# TASK DATA:
>>>
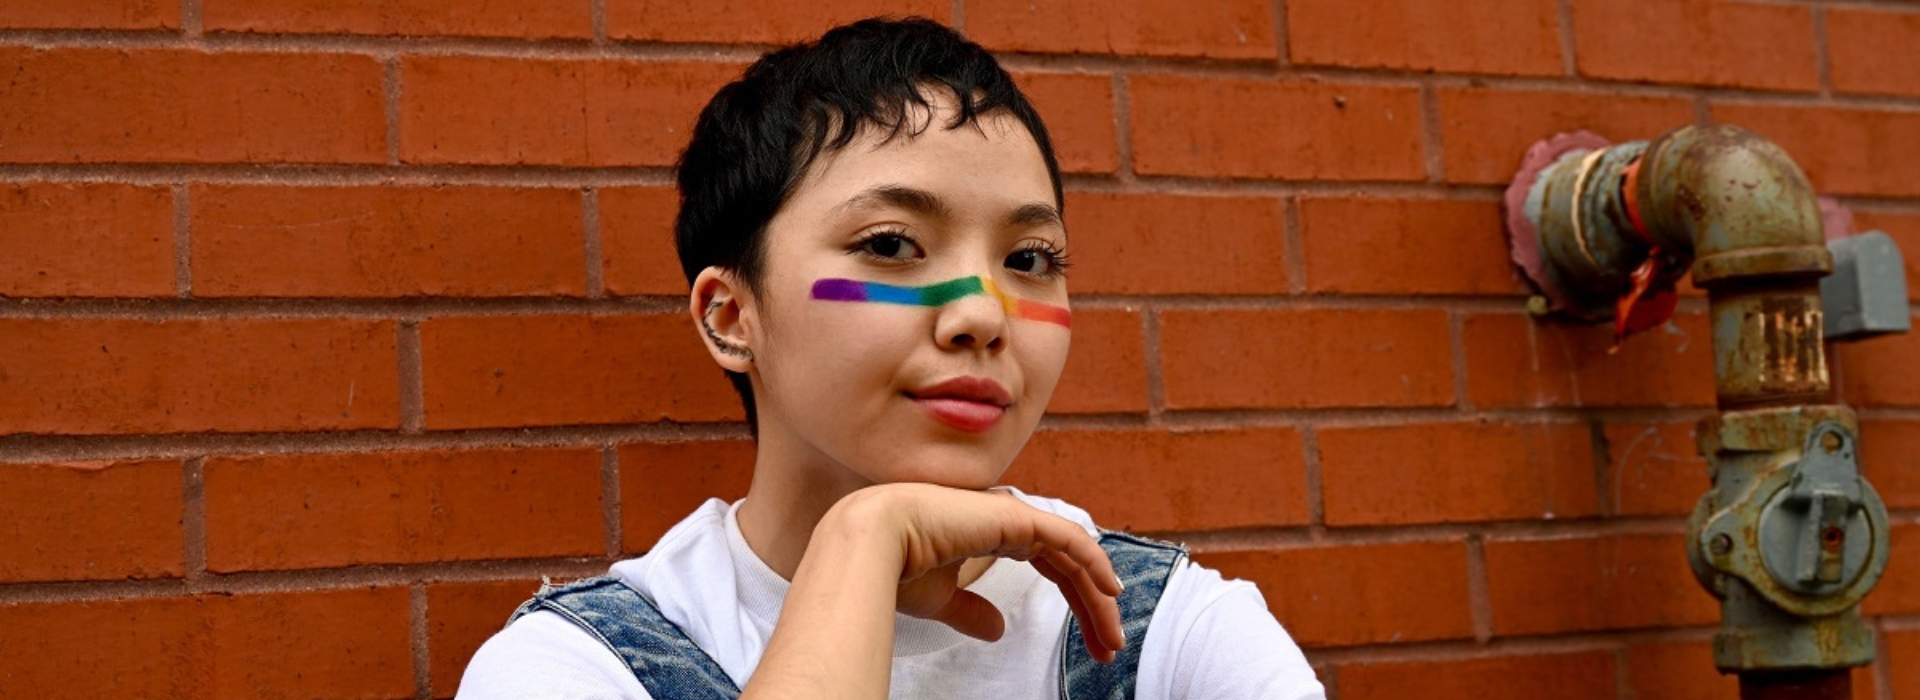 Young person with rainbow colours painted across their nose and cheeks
<<<
>>>
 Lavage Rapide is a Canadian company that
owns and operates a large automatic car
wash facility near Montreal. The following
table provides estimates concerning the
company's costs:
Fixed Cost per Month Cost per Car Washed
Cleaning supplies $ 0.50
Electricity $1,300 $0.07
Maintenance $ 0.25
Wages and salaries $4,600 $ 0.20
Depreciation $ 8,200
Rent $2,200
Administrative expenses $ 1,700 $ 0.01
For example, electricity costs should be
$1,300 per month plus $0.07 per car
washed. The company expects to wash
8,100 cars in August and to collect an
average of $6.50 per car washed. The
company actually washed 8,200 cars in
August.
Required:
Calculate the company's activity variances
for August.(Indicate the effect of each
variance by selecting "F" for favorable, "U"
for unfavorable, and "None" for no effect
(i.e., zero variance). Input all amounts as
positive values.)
<<<
>>>
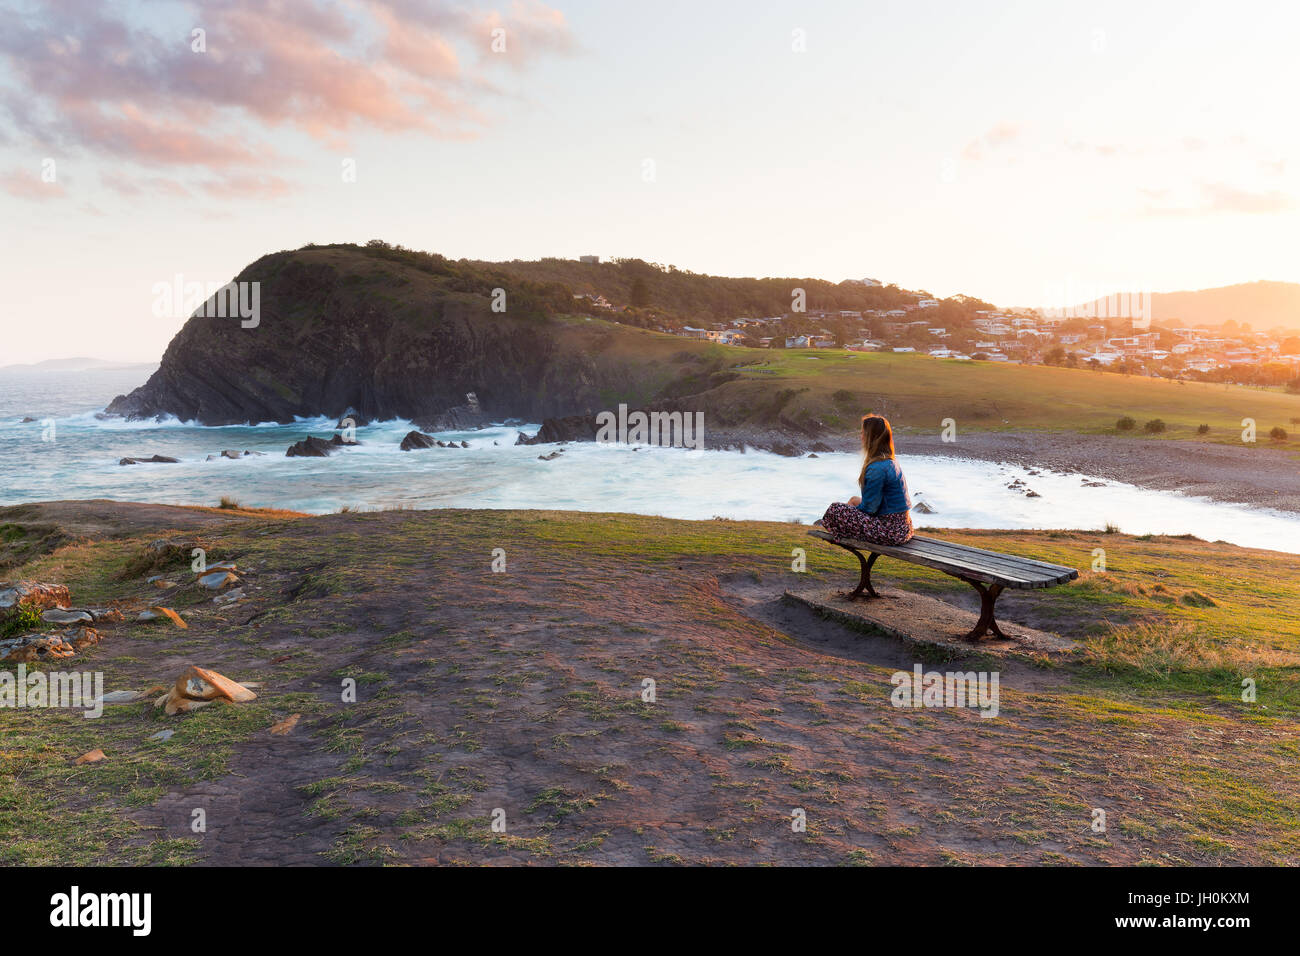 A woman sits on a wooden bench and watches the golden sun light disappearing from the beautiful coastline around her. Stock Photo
<<<
# ASSIGNMENT:
Pull out each line of the entries that contains "costs".

# OUTPUT BELOW:
company's costs:
For example, electricity costs should be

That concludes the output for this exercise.